Record: Bug introduced in v6.12 by commits f4fdd7716290a2 and
0b3be9d1d34e21.

### Step 3.2: Fixes Tag
No Fixes: tag present (expected for autosel). However, the bug clearly
traces back to `0b3be9d1d34e` — two related fixes (228bc0e79c852 and
49fba87205bec) already reference it with `Fixes:` tags.

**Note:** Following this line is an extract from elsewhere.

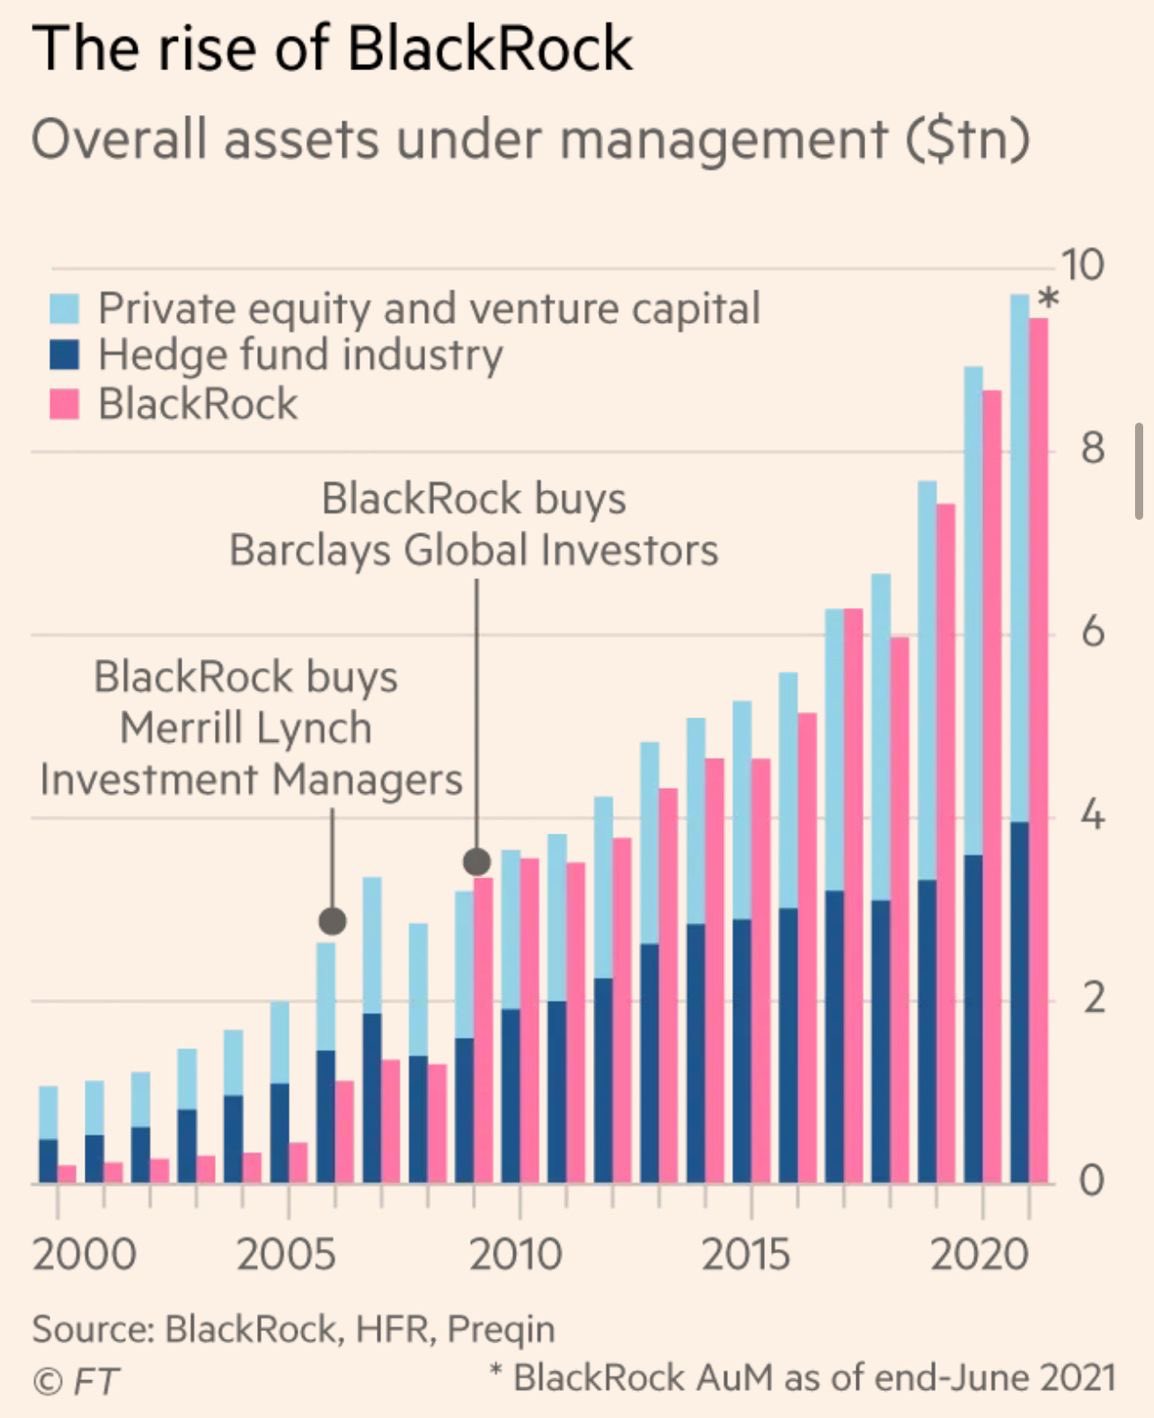 Alvin Foo On Twitter The Scale Of Blackrock Is Massive The World S Largest Asset Manager Is Approaching 10tn Aum Almost Larger Than The Hedge Fund Vc And Pe Industry Combined Https T Co Zbmjd5u1er

Record: Related fixes 228bc0e79c852 and 49fba87205bec both fix
0b3be9d1d34e — this is a third fix for the same problematic commit.

### Step 3.3: File History
Related recent commits:
- `228bc0e79c852` (v6.14): "only enable tx worker after setting the
  channel" — Fixes: 0b3be9d1d34e
- `49fba87205bec`: "fix linked list corruption" — Fixes: 0b3be9d1d34e
- `bdeac7815629c`: "free pending offchannel tx frames on wcid cleanup"

Record: Multiple follow-up fixes to the same offchannel TX code. This
commit is standalone — only needs the pre-existing
mt76_txq_schedule_pending function.

### Step 3.4: Author
Felix Fietkau (`nbd@nbd.name`) is the mt76 subsystem maintainer and
original author of the driver. Very high confidence in fix correctness.

Record: Author is the mt76 maintainer — highest trust level.

### Step 3.5: Dependencies
- `mt76_txq_schedule_pending()` exists since v6.12 (commit 0b3be9d1d34e)
- `__mt76_set_channel()` exists since v6.14 (commit 82334623af0cd2)
- For v6.12 backport: function is called `mt76_set_channel()` with
  different context — needs adaptation
- For v6.14+/7.0: should apply cleanly or with minimal context
  adjustment
- Commit `228bc0e79c852` (v6.14) should ideally be present first, as it
  repositions `mt76_worker_enable()`. The v6.12 code has enable before
  `set_channel`, which was moved by that fix.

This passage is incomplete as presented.